NSMutableData *hash = [NSMutableData dataWithLength:(NSUInteger)CC_SHA256_DIGEST_LENGTH];
NSData *data = [stringToSign dataUsingEncoding:NSUTF8StringEncoding];
CC_SHA256(data.bytes, (CC_LONG)data.length, hash.mutableBytes);
Sign the string with SecKeyRawSign method using kSecPaddingPKCS1SHA256.
// Sign the hash with the private key
size_t blockSize = SecKeyGetBlockSize(privateKeyRef);
NSUInteger hashDataLength = hash.length;
const unsigned char *hashData = (const unsigned char *)hash.bytes;
NSMutableData *result = [NSMutableData dataWithLength:blockSize];
uint8_t *signedHashBytes = malloc(blockSize * sizeof(uint8_t));
memset((void *) signedHashBytes, 0x0, blockSize);
size_t encryptedDataLength = blockSize;
OSStatus status = SecKeyRawSign(privateKeyRef, kSecPaddingPKCS1SHA256, hashData, hashDataLength, signedHashBytes, &encryptedDataLength);
NSData *signedHash = [NSData dataWithBytes:(const void *) signedHashBytes length:(NSUInteger) encryptedDataLength];
Apply base64 on the signed data and send it to the server.
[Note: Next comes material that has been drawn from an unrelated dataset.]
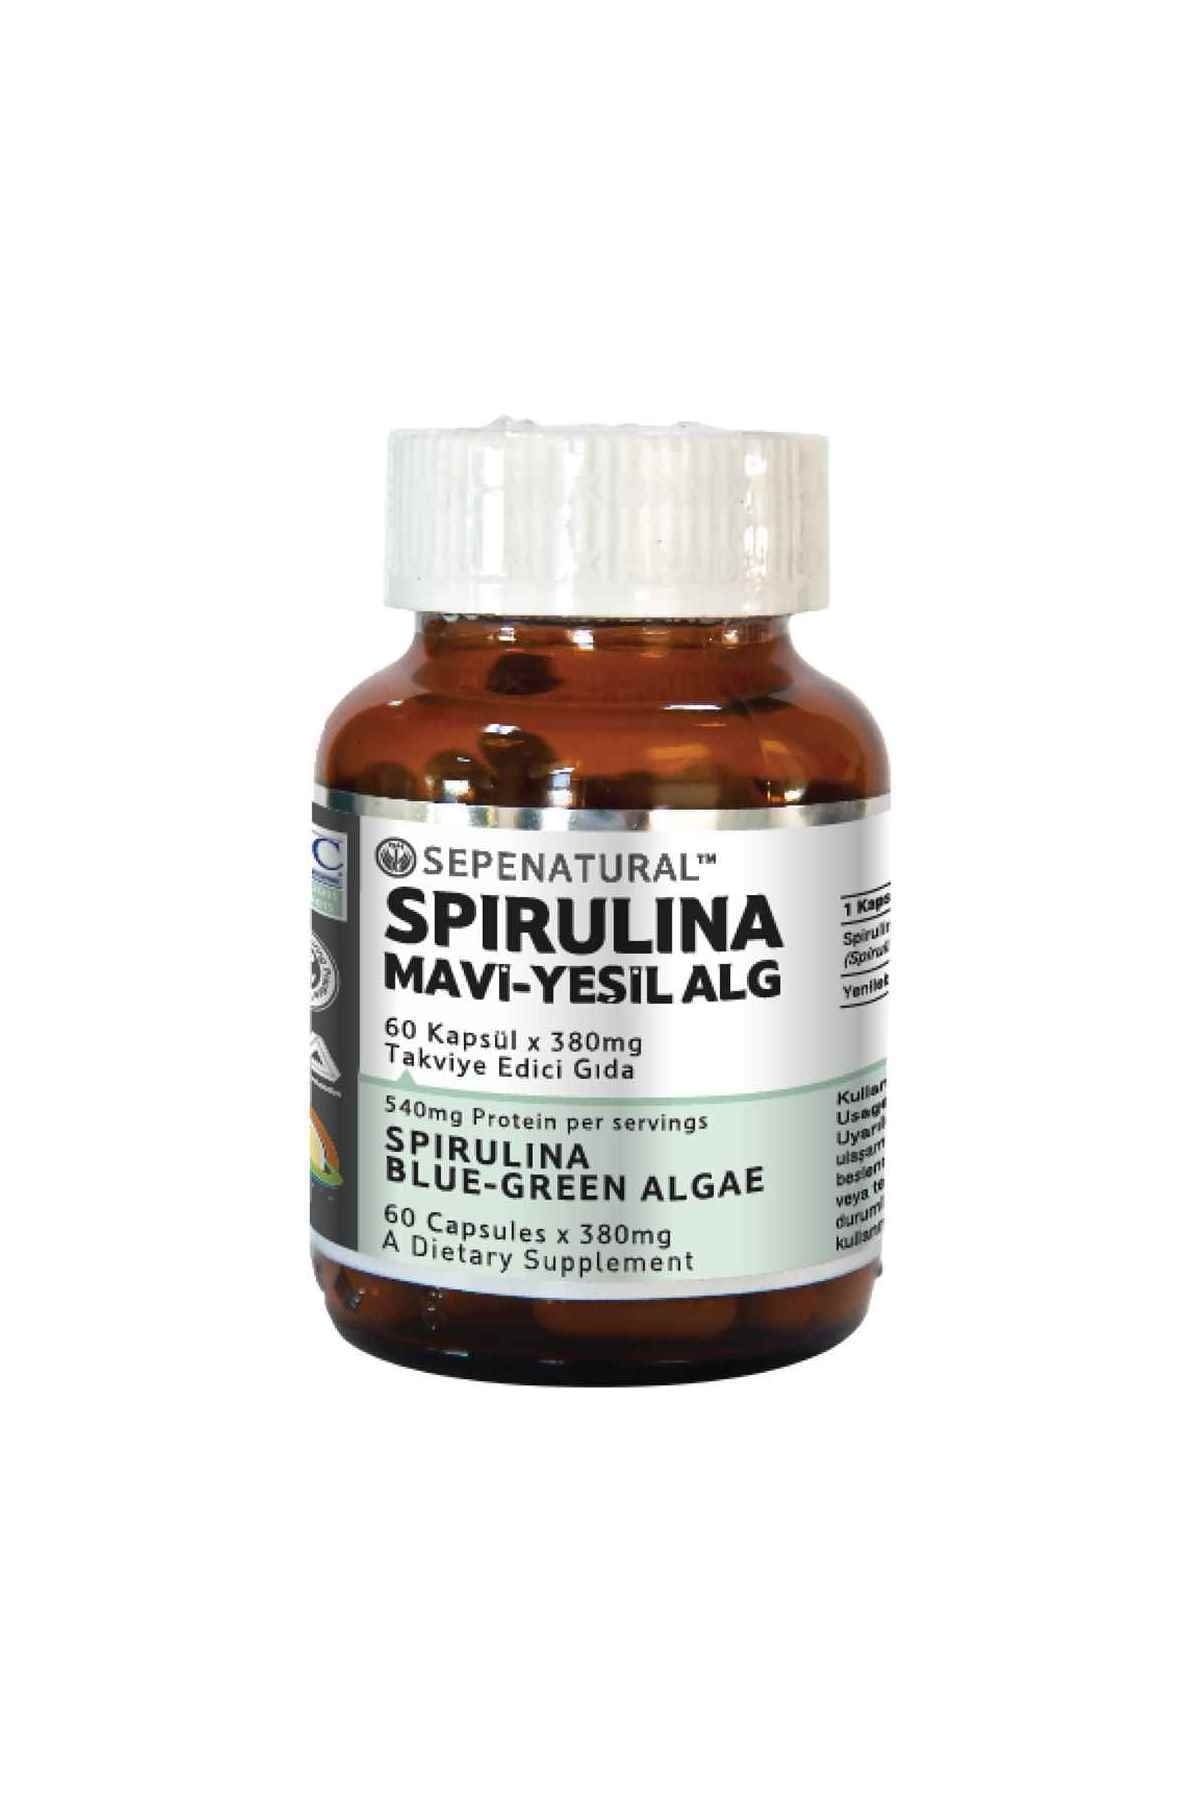 Sepe Natural Spirulina 60 Kapsül Siprulina Yosun Hapı

The java server cannot verify it with the public key.
I have the same above code in Swift.
As a debug step, I've exported my private key too and tried to follow the exact same steps in java. Until step 3 everything is the same. So, the iOS creates the same digest as the java app. The fourth step, the signing creates a different output than the java code.
Here's the java code:
final Signature instance = Signature.getInstance("SHA256withRSA");
instance.initSign(privateKey);
instance.update(MessageDigest.getInstance("SHA-256").digest(rawString.toString().getBytes("UTF-8")));
解决方案
Digital signature API for iOS and Java is different but the result is the same.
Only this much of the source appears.